§ Task
In the material below, find the span from the line with "Володимир Крейденко 📍 Гостре питання" to the line with "Too Much Harmonie" and transcribe only those lines, exactly, ends included, without the pictures.

§ Record set
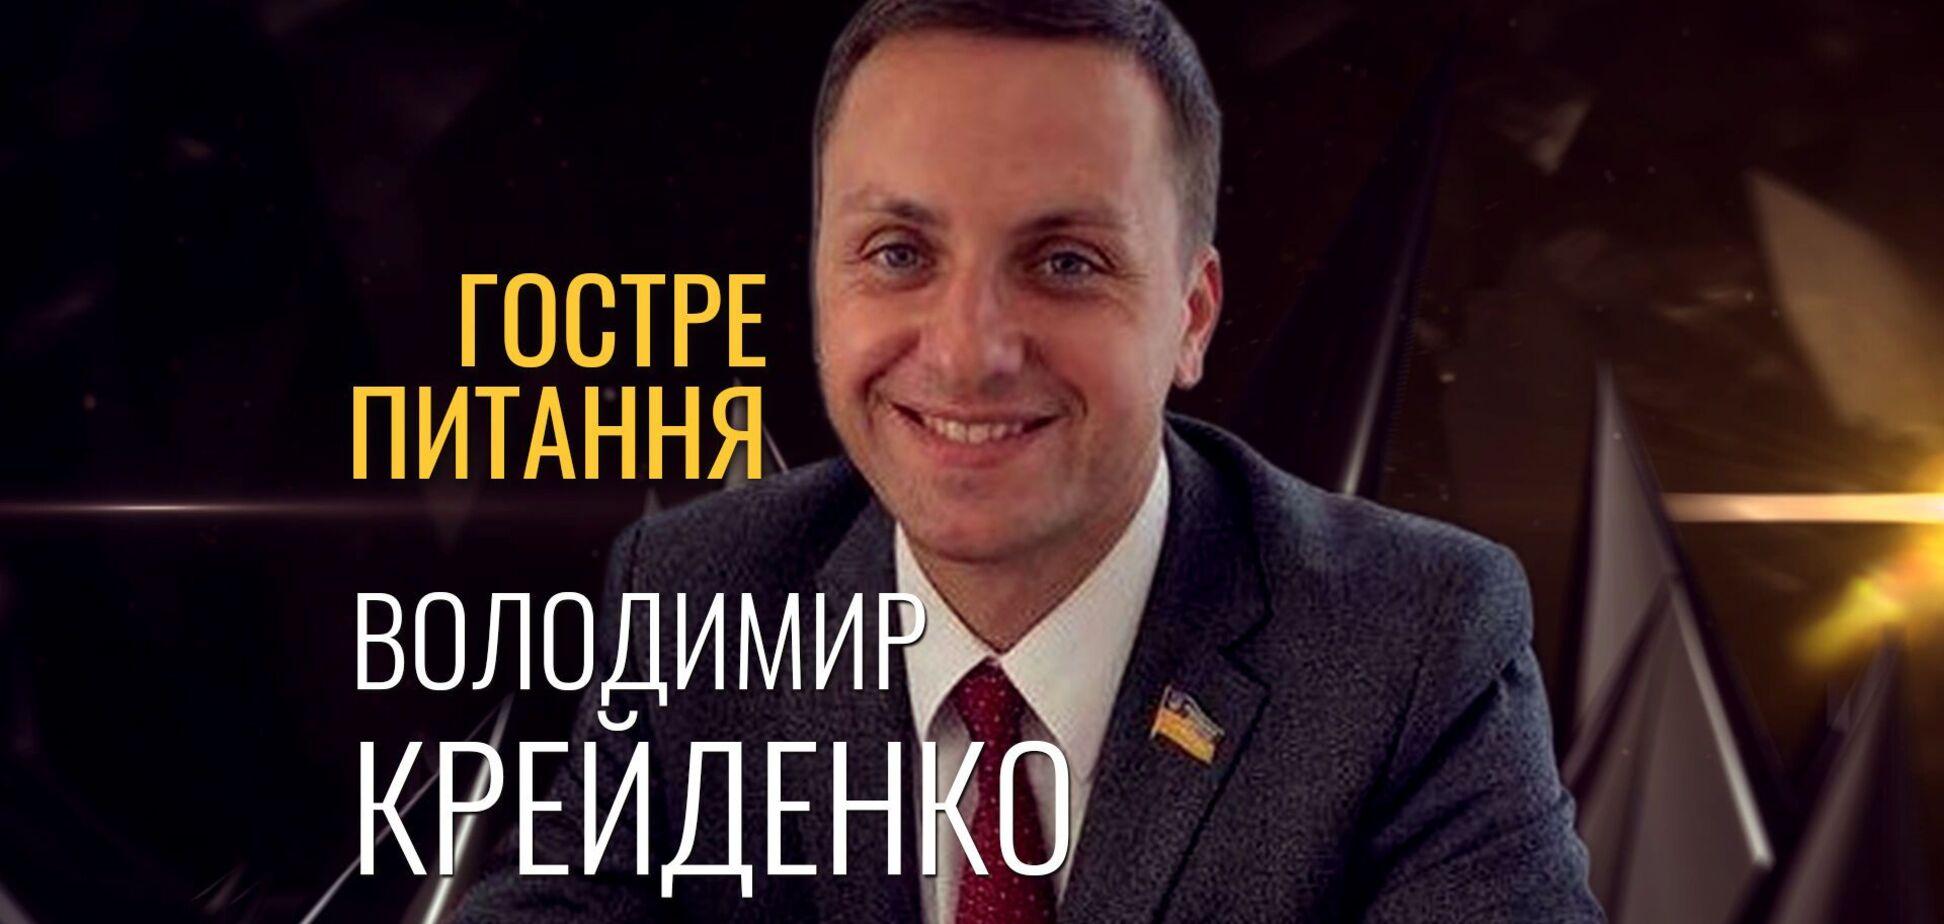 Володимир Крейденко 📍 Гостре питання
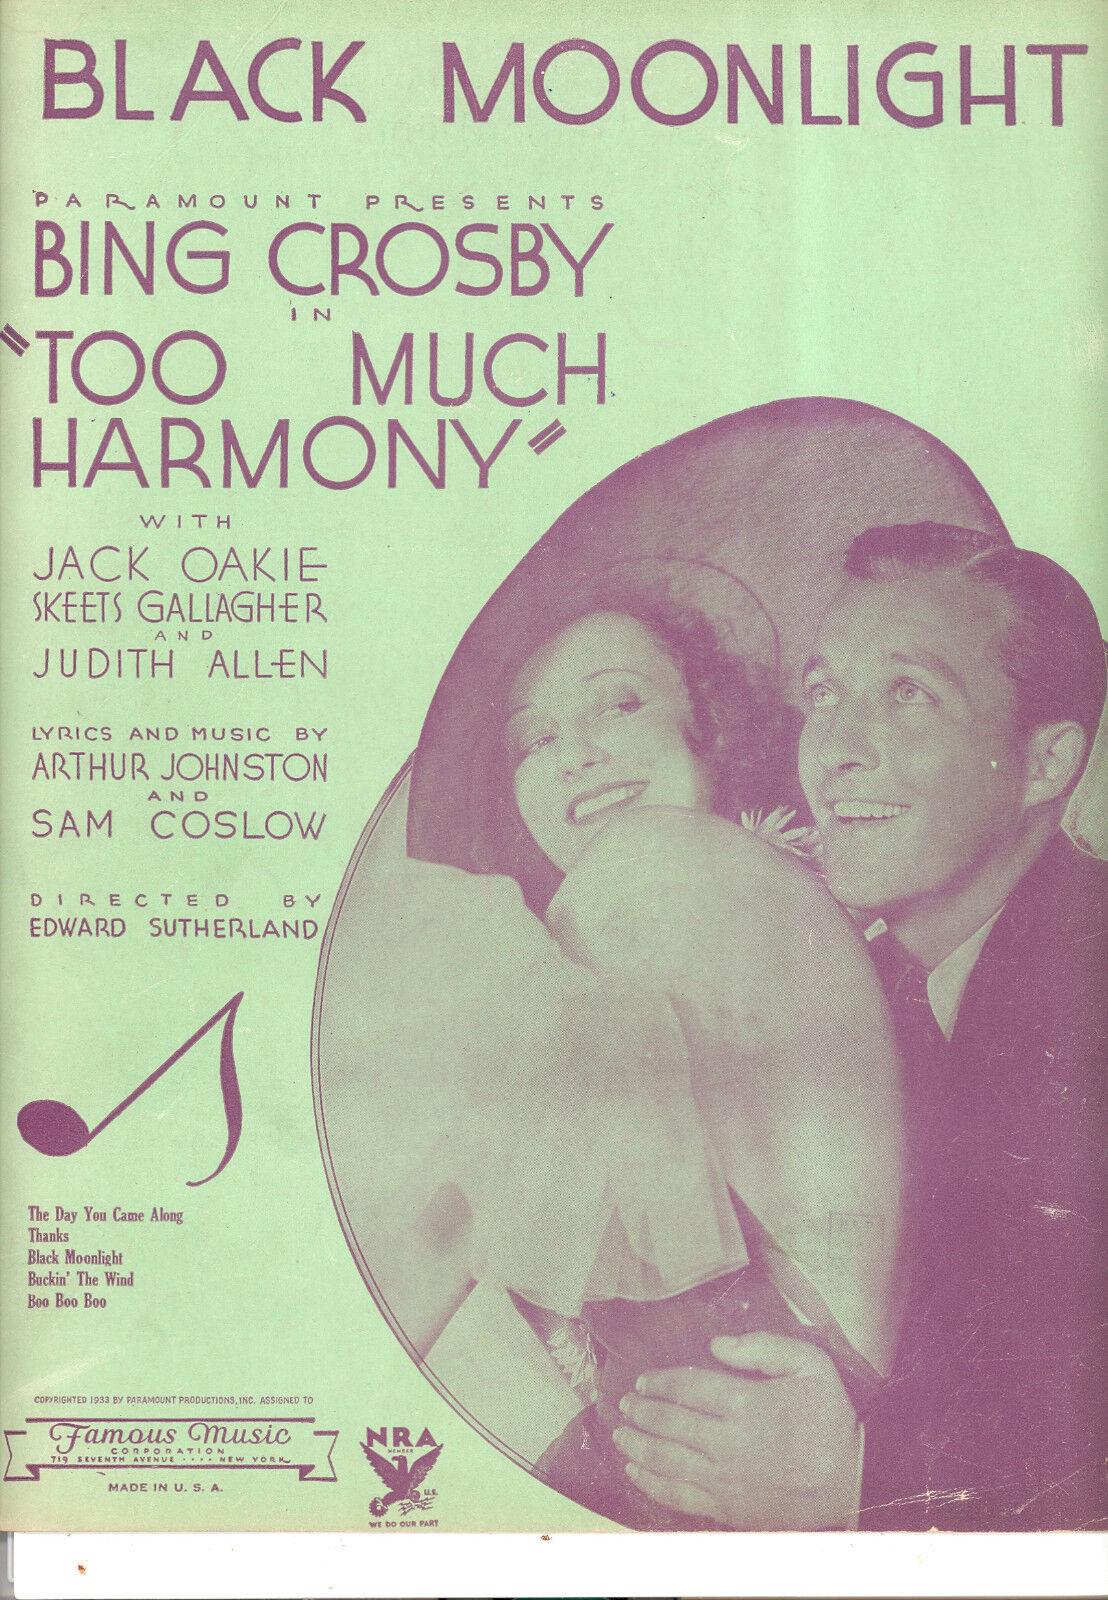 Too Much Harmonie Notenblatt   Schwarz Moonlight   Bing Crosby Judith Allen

...

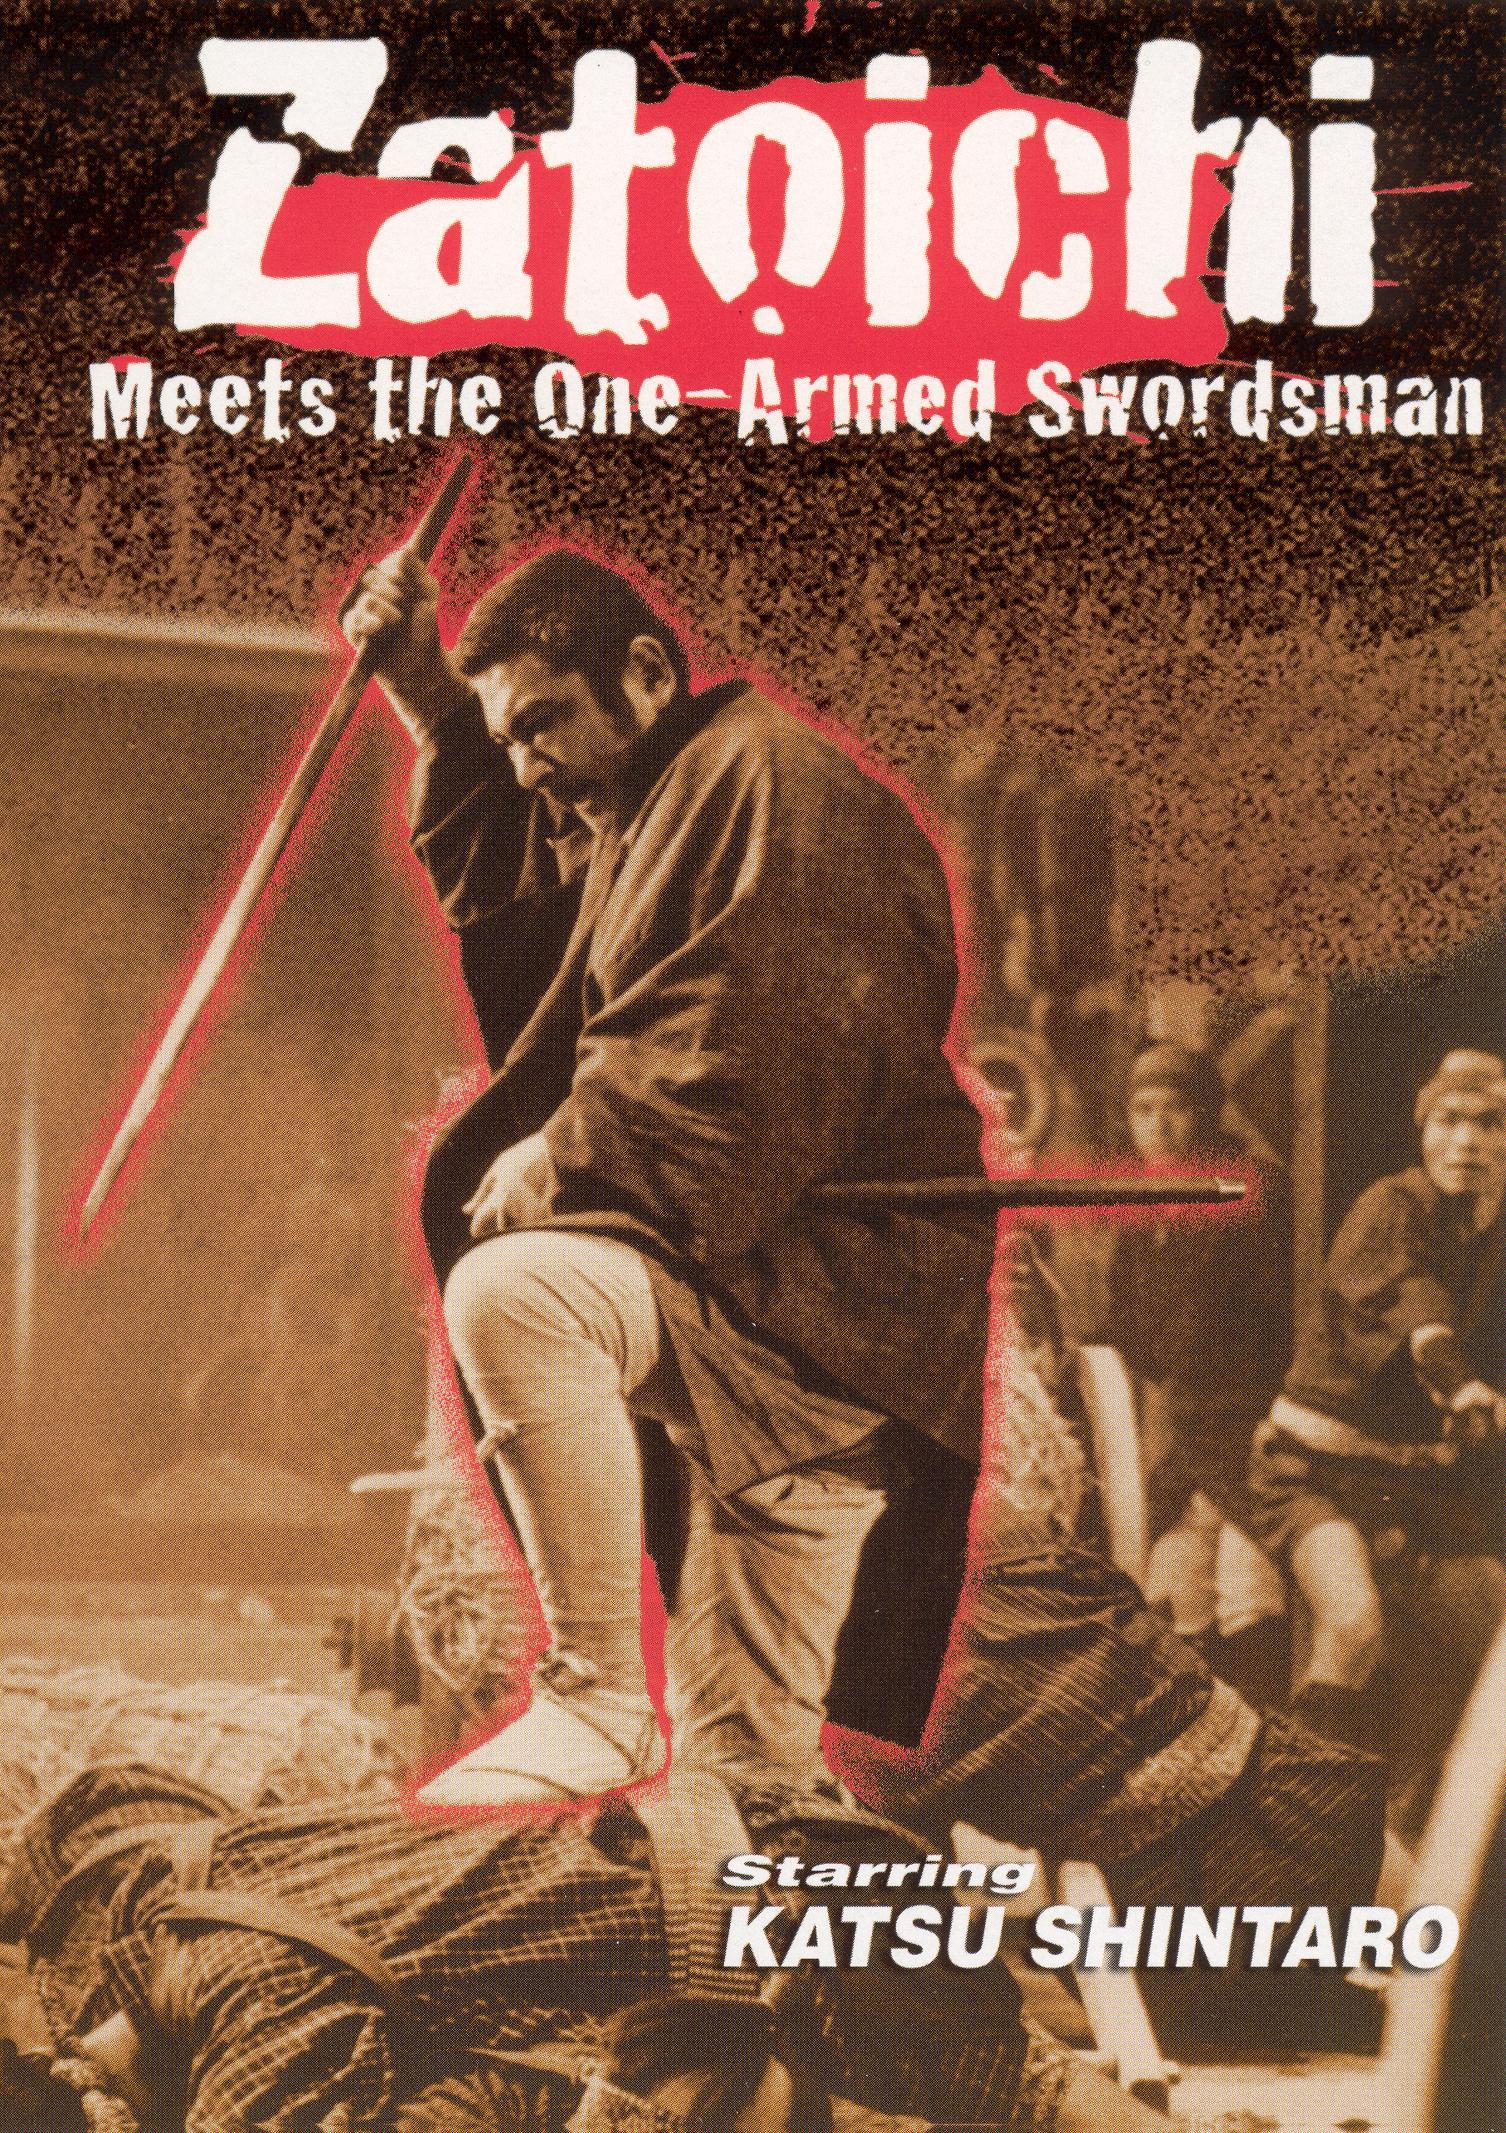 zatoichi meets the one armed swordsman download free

§ Result below
 Володимир Крейденко 📍 Гостре питання
 Too Much Harmonie Notenblatt   Schwarz Moonlight   Bing Crosby Judith Allen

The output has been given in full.